Other income (expenses) for the three months ended March 31, 2022 and 2021 was approximately $(3.9) million and $1.1 million, respectively. The increase in other income is primarily from $3.3 million impairment loss on digital assets/currencies and $0.6 million change in fair value of warrant liabilities.

 

Net loss

 

Net loss for the three months ended March 31, 2022 and 2021 was approximately $5.7 million and $6.8 million, respectively.
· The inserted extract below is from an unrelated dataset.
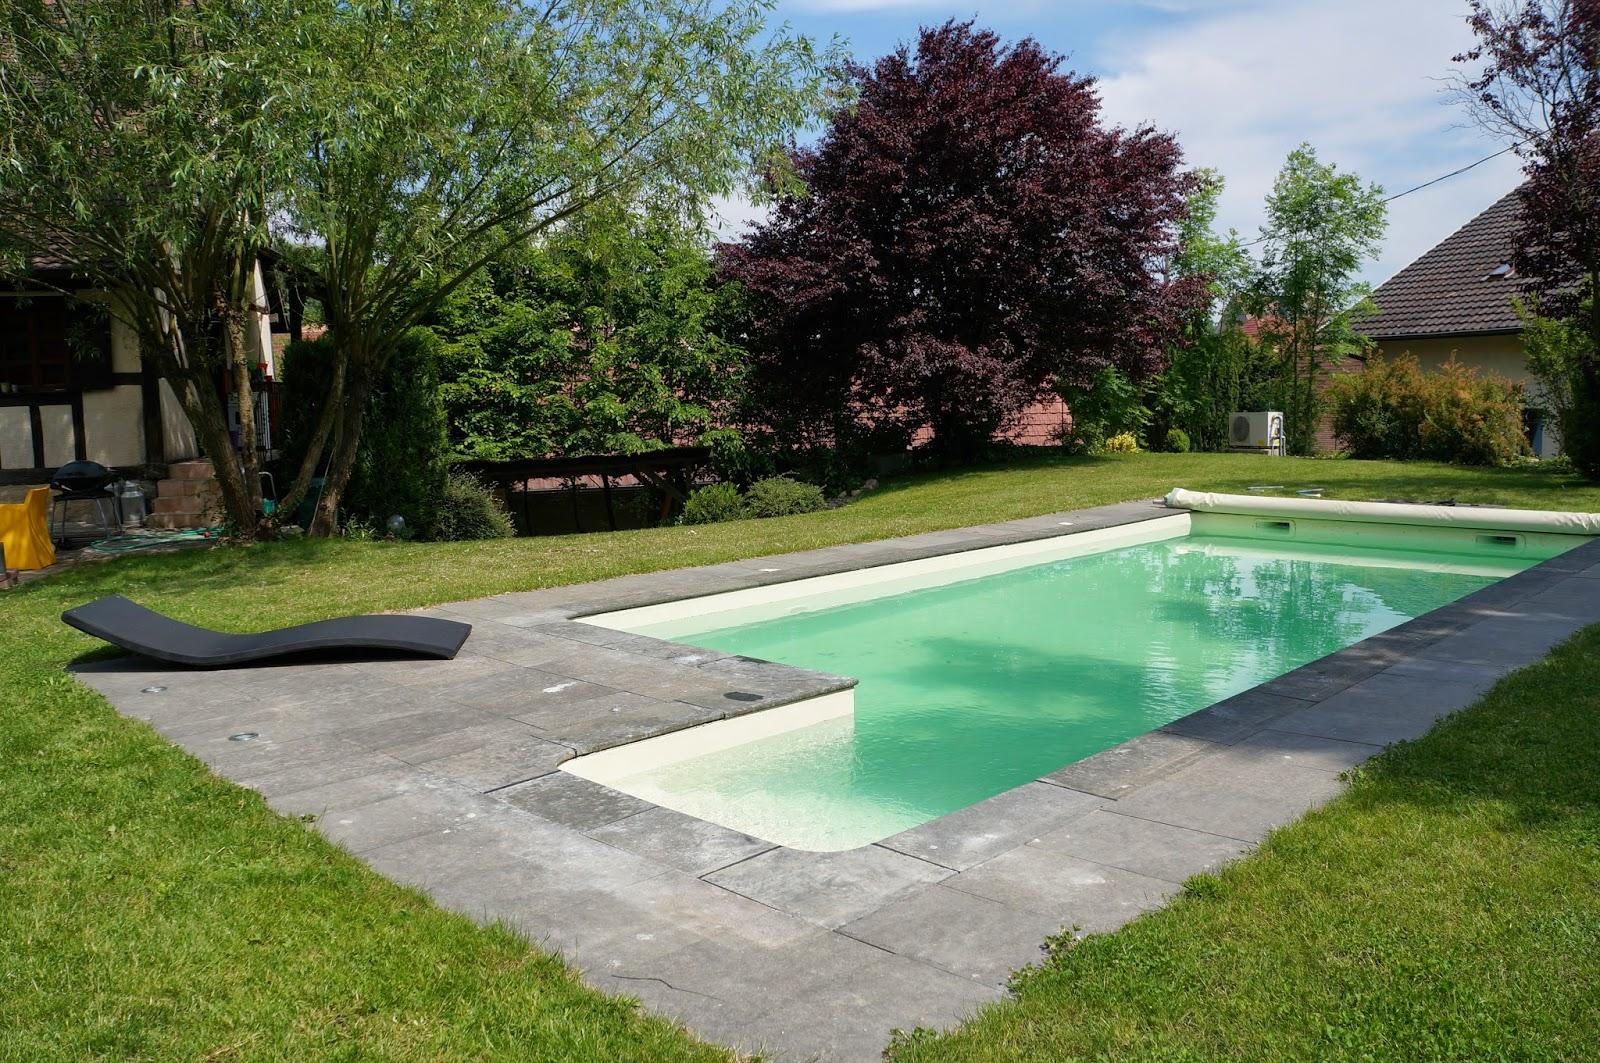 La piscine maison traditionnelle alsacienne steinbrunn for Piscine rectangulaire 1m50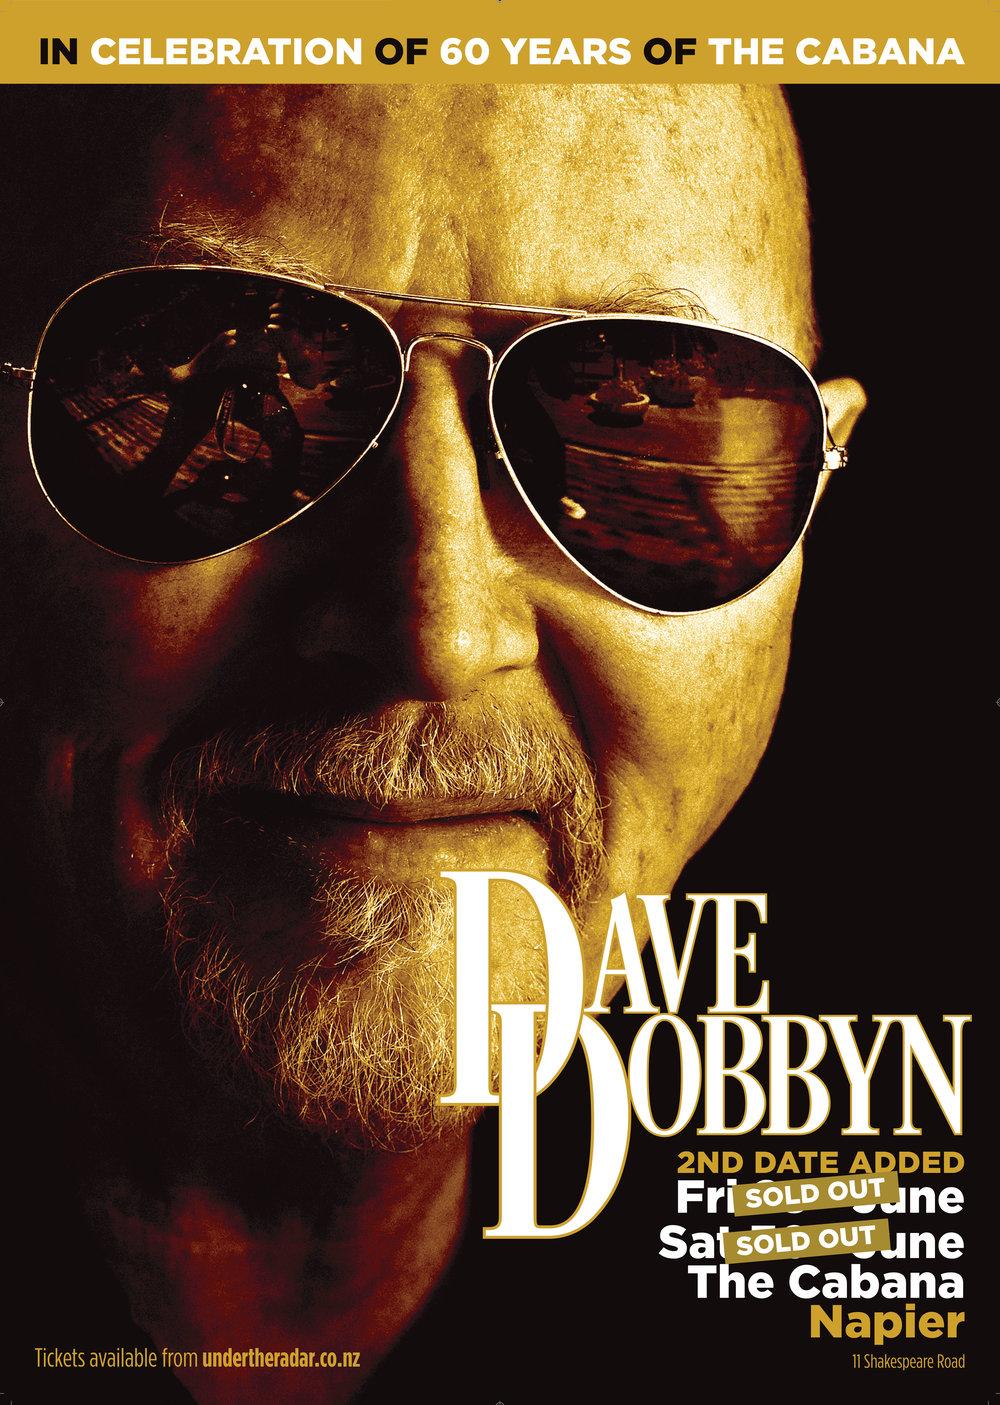 DAVE DOBBYN JNAPIER 2018 - 2 SOLD OUT.jpg

The decrease is primarily due to the decrease of operating expenses and increase in other income (expense) as discussed above.

 

Net loss attributable to common stockholders

 

We incurred approximately $0 and $16,000 related to amortization of beneficial conversion feature of Series C-2 convertible preferred stock, and $0 and $4.8 million of deemed dividends related to recognition of anti-dilution adjustment to the conversion amount for Series C-2 convertible preferred stock for the three months ended March 31, 2022 and 2021, respectively.

 

Liquidity and Capital Resources

 

Recent Financing

 

On September 14, 2021, the Company entered into an At-The-Market Offering Agreement (the “ATM Agreement”) with H.C. Wainwright & Co., LLC, as agent (“H.C. Wainwright”), pursuant to which the Company may offer and sell, from time-to-time through H.C. Wainwright, shares of the Company’s Common Stock having an aggregate offering price of up to $98,767,500. From the period September 14, 2021 through May 9, 2022, the Company sold a total of 2,268,742 shares of Common Stock under the ATM Agreement for aggregate total gross proceeds of approximately $13,874,000 at an average selling price of $6.12 per share, resulting in net proceeds of approximately $13,440,000 after deducting commissions and other transaction costs.

 

Liquidity

 

The Company’s financial statements have been prepared assuming that it will continue as a going concern, which contemplates continuity of operations, realization of assets, and liquidation of liabilities in the normal course of business.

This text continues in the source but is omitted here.